Michael Bloomberg continues to flaunt his billionaire status, this time by taking over your social media feed. His presidential campaign team is hiring over 500 “deputy digital organizers” to text their friends and post about him on their personal social media accounts. These organizers are being paid to share not only issues pertinent to his campaign but memes that make him look “cool.” Bloomberg’s team is willing to pay these hundreds of people more than $2,000 a month, according to documents reviewed by The Wall Street Journal. The social media marketing strategy is currently recruiting California residents to build support ahead of the state’s March 3 primary, but may later expand nationwide. Past presidential campaigns have encouraged supporters to post on social media but Bloomberg is taking it to the next level by paying people, experts said.
A staffer told the Journal Bloomberg’s social media strategy hopes to influence potential voters through people they know instead of through strangers, a strategy also adopted by the Trump campaign. While campaigners will traditionally call potential voters in their community, the digital organizers Bloomberg is employing will instead text friends and family and create daily posts on social media encouraging support for his presidency.

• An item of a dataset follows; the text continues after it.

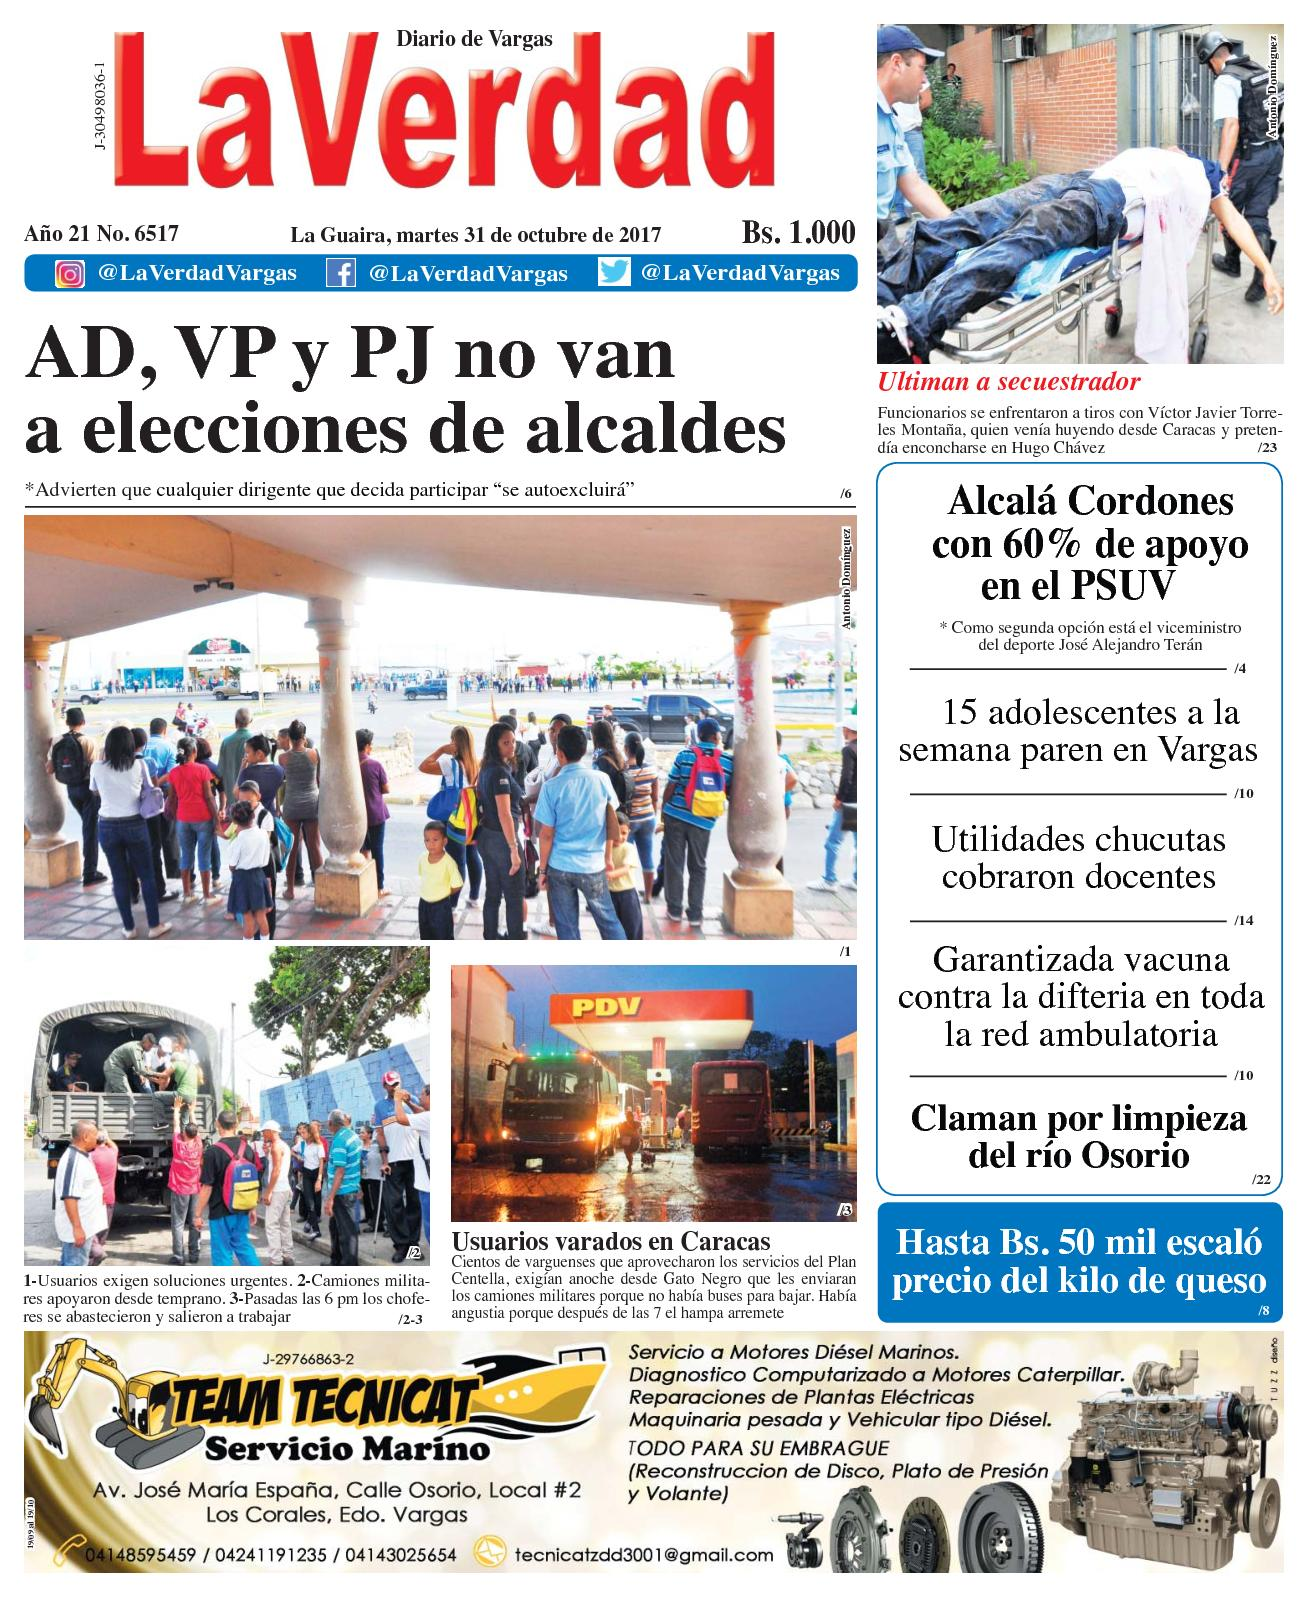 La Guaira, martes 31 de octubre de 2017. Año 20 No. 6517

But the effort isn’t driven only by social media influencers. Bloomberg is working with a new company, Meme 2020, to generate memes related to his campaign as well, according to The New York Times. The campaign is also leveraging other technologies including Outvote, a political campaigning app. Outvote creates prewritten copy for texts and social media posts, with data being sent back to campaigns that will allow users to search friends’ voting records and send them content accordingly. A spokeswoman for Bloomberg’s campaign told the Journal that this was the future of political organizing, and that “one of the most effective ways of reaching voters is by activating their friends and network.”
Bloomberg’s campaign is tapping into any and every type of social media it can reach. Ads are appearing not only on news feeds through sponsored content and posts but through the stories option of popular apps like Snapchat and Instagram. Influencers are even sharing fake DM thread screenshots to promote the candidate. “While a meme strategy may be new to presidential politics, we’re betting it will be an effective component to reach people where they are and compete with President Trump’s powerful digital operation,” Sabrina Singh, a senior national spokeswoman for the Bloomberg campaign, told the Times.
Facebook and Instagram rules stipulate that sponsored or paid posts must have a disclaimer noting the sponsorship. These rules are in place to ensure the content’s authenticity, but branded content is not the same as advertising, a Facebook official told The Hill. The social media platform believes it’s important to make users aware when they are seeing paid content, but stressed the difference between the two. "After hearing from multiple campaigns, we agree that there’s a place for branded content in political discussion on our platforms. We’re allowing US-based political candidates to work with creators to run this content, provided the political candidates are authorized and the creators disclose any paid partnerships through our branded content tools," the Facebook representative said.
But while Facebook and Instagram require sponsored content to be disclosed as such, the Journal found that several social media posts from people being paid by Bloomberg’s campaign failed to label content as sponsored. According to the U.S. Federal Trade Commission, even tagging a brand or business is a form of endorsement that must be disclosed to audiences as paid content. Bloomberg’s campaign is paying individuals to post content on social media as personal when it is actually brand-driven, with Bloomberg being the brand.
“We’re trying to be innovative with how we’re translating the campaign message on social, trying to do it how the internet actually works,” an aide to the Bloomberg campaign told the Times. “Tweeting from @mikebloomberg is a very 2008 strategy.” Several people who did not previously think about supporting Bloomberg have expressed interest in posting for him, as well as created content in support of his campaign due to the paycheck associated with doing so. “We want to work with creators and we’ve never been shy about paying people for creative work,” the aide said.
Bloomberg has already spent $50 million on digital ads, according to The Washington Post. In addition, he is expected to spend more than $400 million on his campaign overall. Food and travel blogger Alycia Chrosniak told Reuters she received communication from the Bloomberg campaign offering to pay her to create content about her support for him, despite him not being her top choice. While Chrosniak said she did not take the offer, many other social media influencers, including meme pages, have.
Bloomberg is using his wealth to buy support online, but whether it’s genuine or not remains a question. An even bigger question is: Will this online support continue when the polls open?